На улице пахло зимой.
Стоило мне вдохнуть поглубже, как предчувствие наступающих холодов, разлившееся в ночном воздухе, проникло в каждую клеточку моего тела. Голые, сухие деревья как обглоданные кости темнели на фоне неба, в котором высоко – высоко висел яркий тонкий серп убывающего месяца.
Напевая что-то себе под нос, я шла по улице. Навстречу медленно брела одинокая фигура. Издалека невозможно было разглядеть, кто это. И только когда мы поравнялись, я узнала мать Миямото.
«Плохо дело», – подумала я, в свете уличного фонаря увидев ее напряженно застывшее лицо. Что в таких случаях надо говорить? Какие слова?
В конце концов я решила просто поздороваться, хотя сейчас сделать это было непросто:
– Добрый вечер.
Пожилая женщина тихо кивнула мне в ответ, совсем как ее дочь, и слабо улыбнулась.
Я сразу вспомнила маму после смерти Маю. Тогда в ней тоже чувствовалась эта напряженность, окаменелость.
Мы молча разошлись.
Подождав немного, я обернулась и увидела, что пожилая женщина все также бесшумно бредет дальше по ночной улице. При одном только взгляде на то, как она движется, становилось ясно, что она не вполне осознает происходящее. Думаю, она меня не узнала. Куда она шла? Не знаю. Наверное, просто не могла больше оставаться в доме, наполненном призраками прошлого.
Эта ночь, в которой было место и месяцу, и фонарю, и темноте, и соседскому коту, пробежавшему сейчас мимо меня, и спящим домам, – эта ночь стала достойным завершением сегодняшнего дня. Мне было странно думать о том, что сегодня все началось с Миямото и закончилось ею же. Не самая достойная мысль, но что поделаешь.
… Кажется, я ничего не забываю. События одно за другим падают в копилку моей памяти, чтобы храниться там вечно.
3. Мама и ее мучительное здоровье
Моя мама необычный человек.
Уже больше двадцати лет мы живем вместе, но я до сих пор не до конца ее понимаю.
У мамы смуглая кожа, миндалевидные глаза и маленькая изящная фигура. Она ужасно похожа на уменьшенную Кикко Мацуока (если кто не знает, была такая актриса). Правда, маме жутко не нравится, когда ей об этом говорят.
Мама чуть красивее среднестатистической японки средних лет. Чаще всего она пребывает в состоянии мучительного колебания, легко может впасть в истерику из-за какой-нибудь ерунды, но иногда выражает свое мнение очень решительно и однозначно.
И, как ни странно, ей это удается лучше всего.

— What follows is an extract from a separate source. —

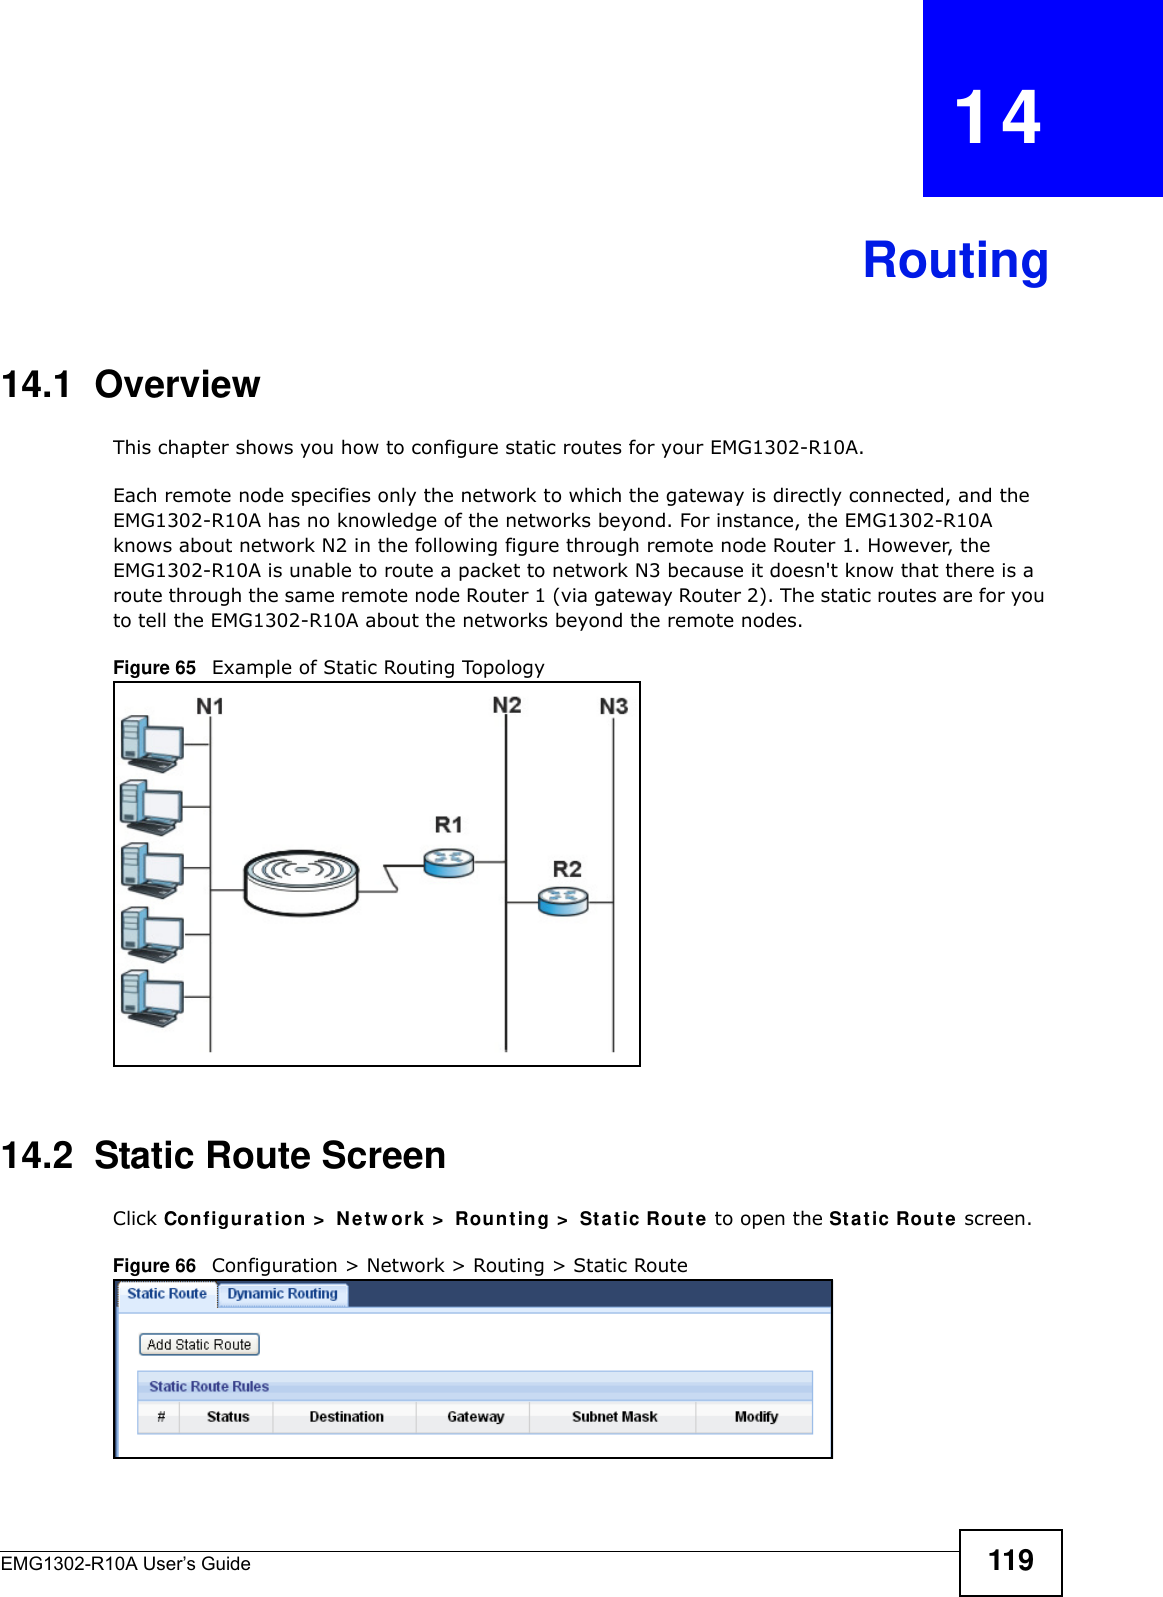 EMG1302-R10A User’s Guide 119CHAPTER   14Routing14.1  Overview   This chapter shows you how to configure static routes for your EMG1302-R10A.Each remote node specifies only the network to which the gateway is directly connected, and the EMG1302-R10A has no knowledge of the networks beyond. For instance, the EMG1302-R10A knows about network N2 in the following figure through remote node Router 1. However, the EMG1302-R10A is unable to route a packet to network N3 because it doesn&apos;t know that there is a route through the same remote node Router 1 (via gateway Router 2). The static routes are for you to tell the EMG1302-R10A about the networks beyond the remote nodes.Figure 65   Example of Static Routing Topology14.2  Static Route ScreenClick Configu r at ion &gt;  Net w ork  &gt;  Rount in g &gt;  Sta t ic Rout e  to open the St at ic Rout e screen. Figure 66   Configuration &gt; Network &gt; Routing &gt; Static Route

В такие моменты мама, устремив глаза прямо на меня, четко – почти по слогам – произносит единственно возможные, словно с неба данные, слова. И в ее чистом, незамутненном голосе слышна непоколебимая уверенность. Этот дар перешел от нее ко мне – вместе с той любовью, с которой она меня растила. Я тоже храню в себе неисчерпаемую силу сердца, в котором нет места надменности и слабости.
Если когда-нибудь я уеду далеко, куда-нибудь за границу, уеду на месяц или больше и там, под чужим небом, стану вспоминать свою маму, что же, интересно, я вспомню?
Мне легче сказать о том, чего я не вспомню: я не вспомню ее улыбку, не вспомню ее доброту… Маме много чего выпало в жизни. Гораздо больше, чем другим женщинам. Она родила меня, родила Маю, похоронила первого мужа, вышла замуж во второй раз, родила Ёшио, развелась, похоронила Маю… Нет смысла печалиться и роптать на жизнь, но в мамином сосредоточенном взгляде мне чудится нечто, что можно назвать «праведным гневом». В бездонном космосе ее зрачков я ловлю отблески гнева – гнева на судьбу, и к этим отблескам примешивается всплывшая из самых глубин женская гордость…
Вот что я вспомню, подумав о маме.
А когда я вернусь, мама встретит меня, поблагодарит за подарки, расскажет, подробно и пространно, миллион скучнейших историй о том, что произошло за время моего отсутствия, будет громко и неприлично хохотать – короче, окажется самой обычной пошлой теткой. Но как бы то ни было, в сердце моем хранится совсем другой образ.
При взгляде со стороны кажется, что в маме есть какой-то секрет.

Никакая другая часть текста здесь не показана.